> [TASK GOAL]
Please repeat the data below exactly, with the pictures removed.
====== SUPPLIED INFORMATION ======
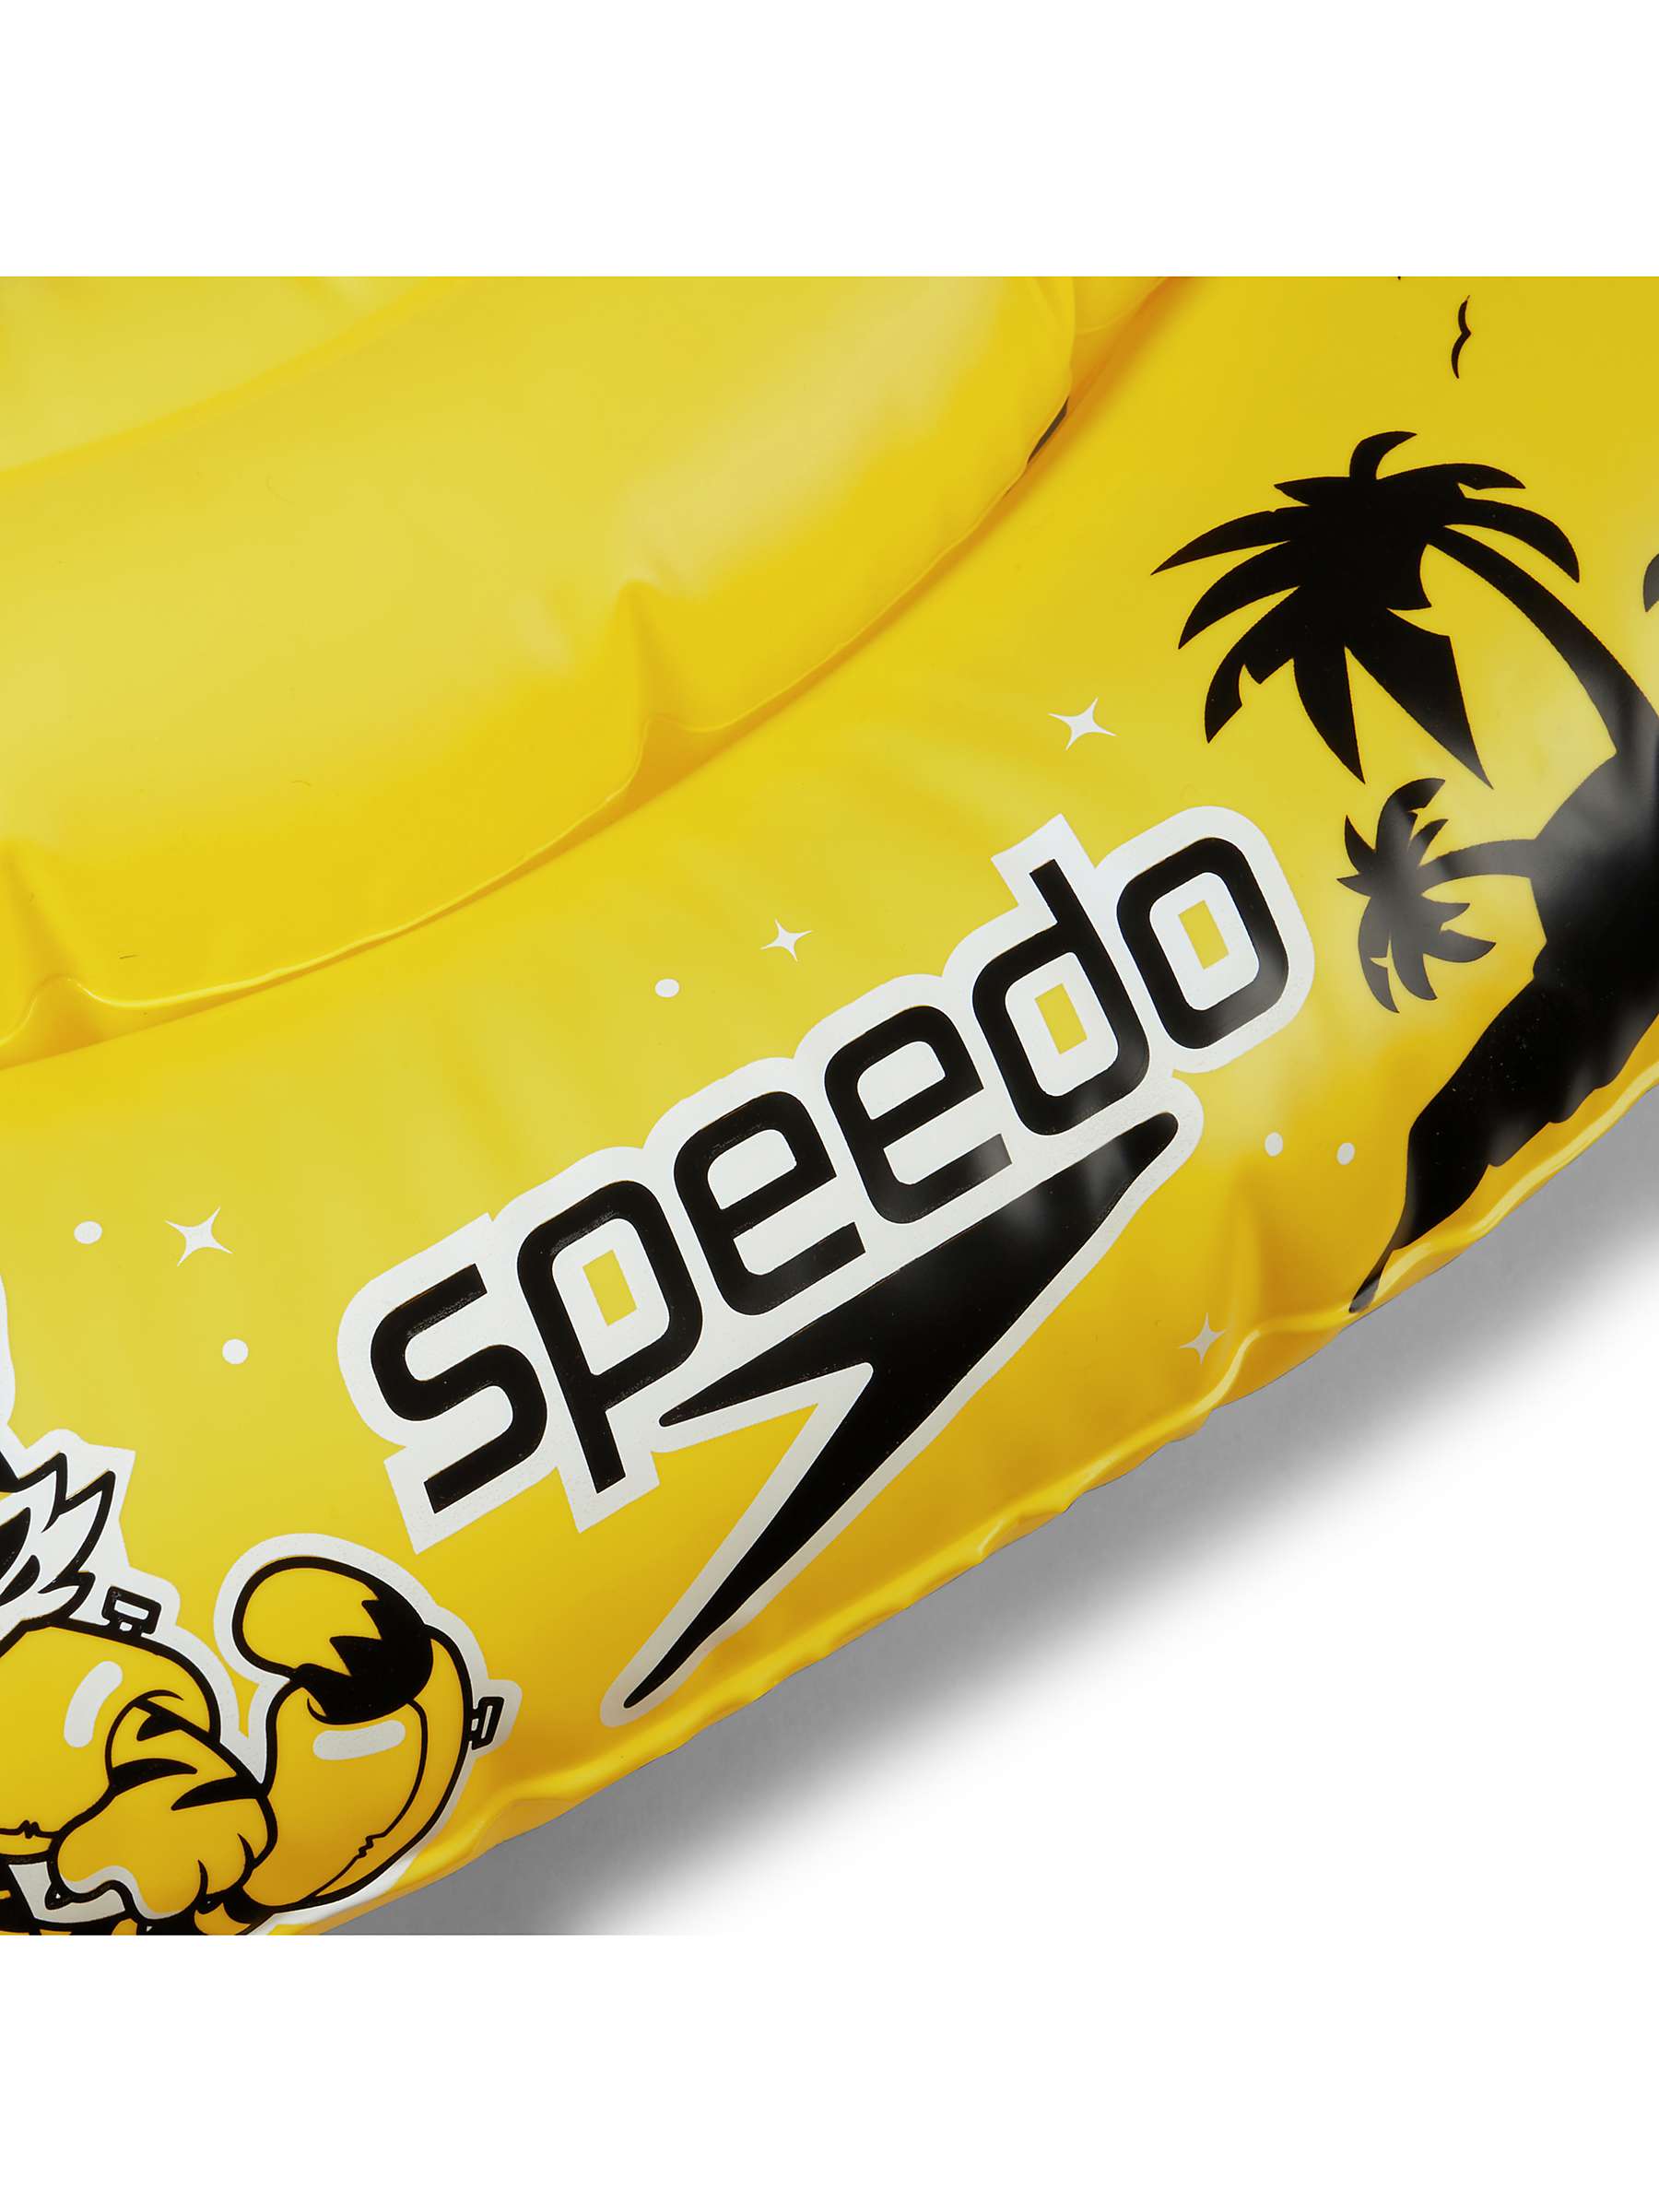 Buy Speedo Baby Learn To Swim Seat, Yellow Online at johnlewis.com
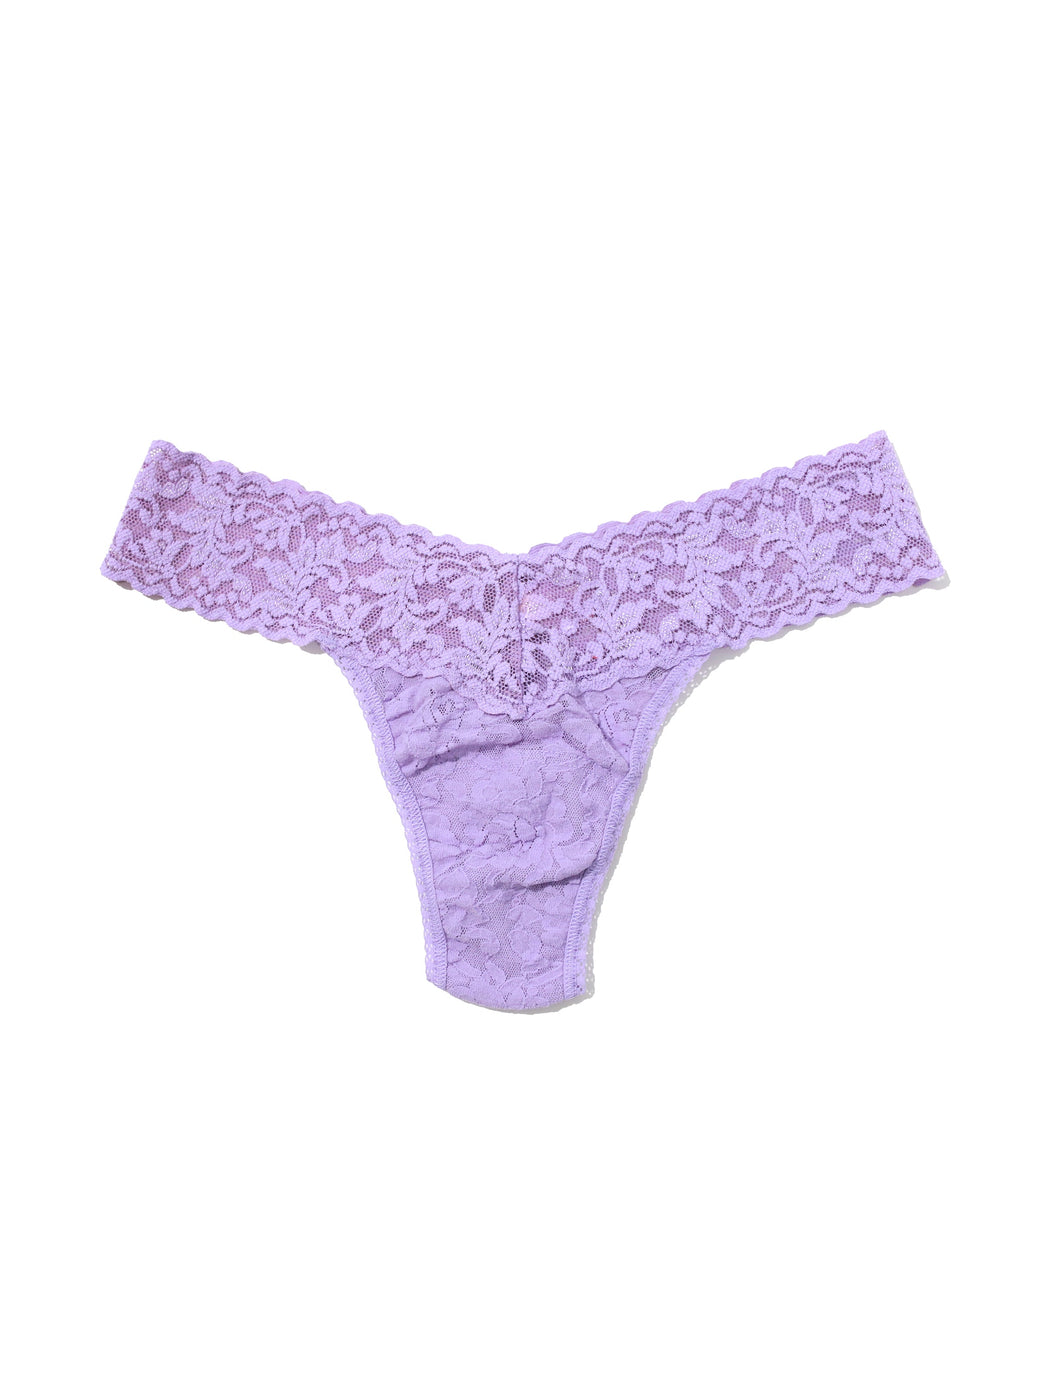 Petite Size Signature Lace Low Rise Thong Wisteria Purple
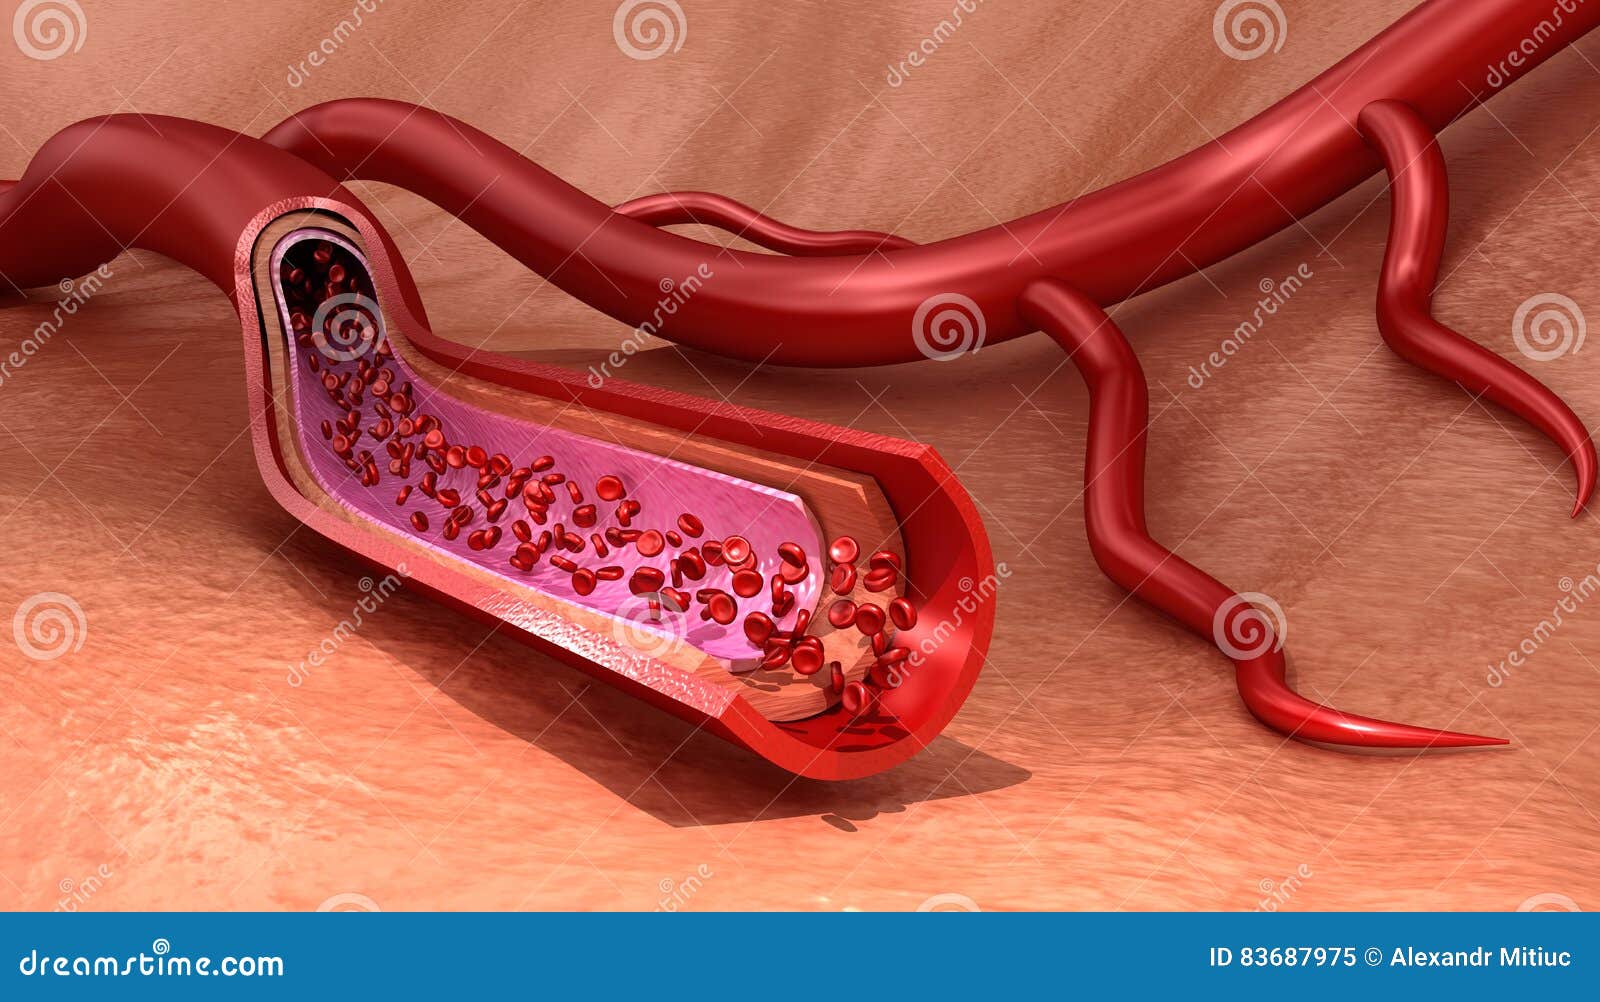 blood vessel sliced macro with erythrocytes
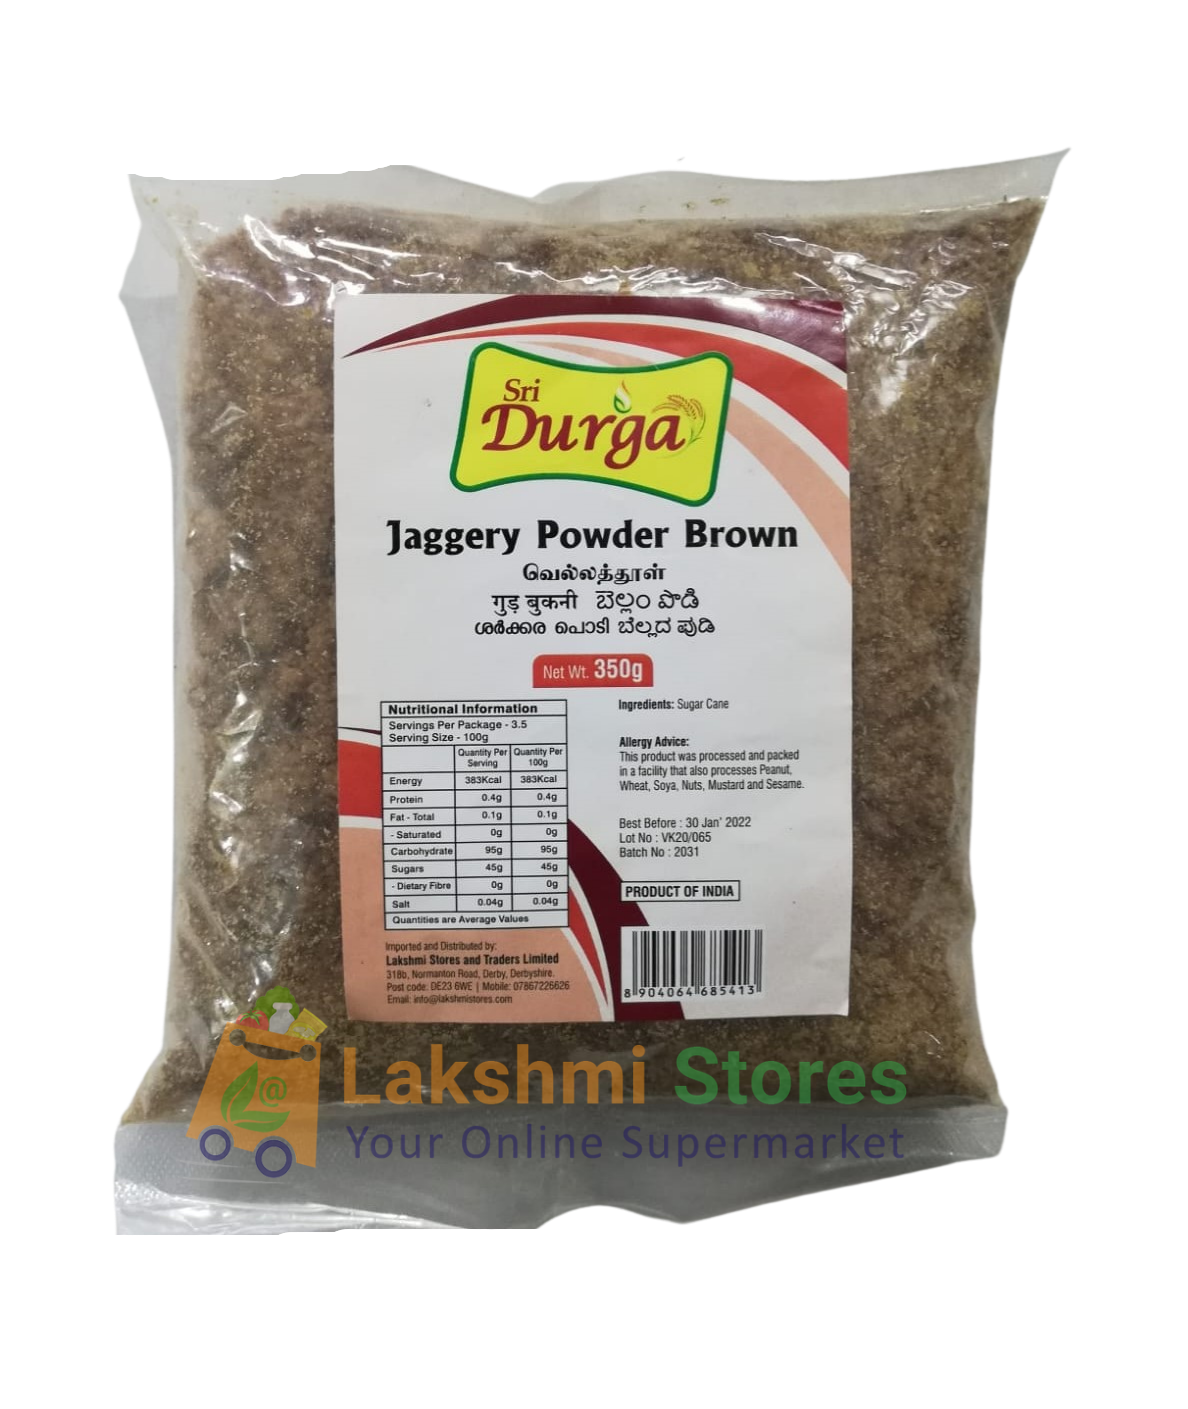 sri durga jaggery powder 350g - brown
======
> [ANSWER FOR THIS EXERCISE]
 Buy Speedo Baby Learn To Swim Seat, Yellow Online at johnlewis.com
 Petite Size Signature Lace Low Rise Thong Wisteria Purple
 blood vessel sliced macro with erythrocytes
 sri durga jaggery powder 350g - brown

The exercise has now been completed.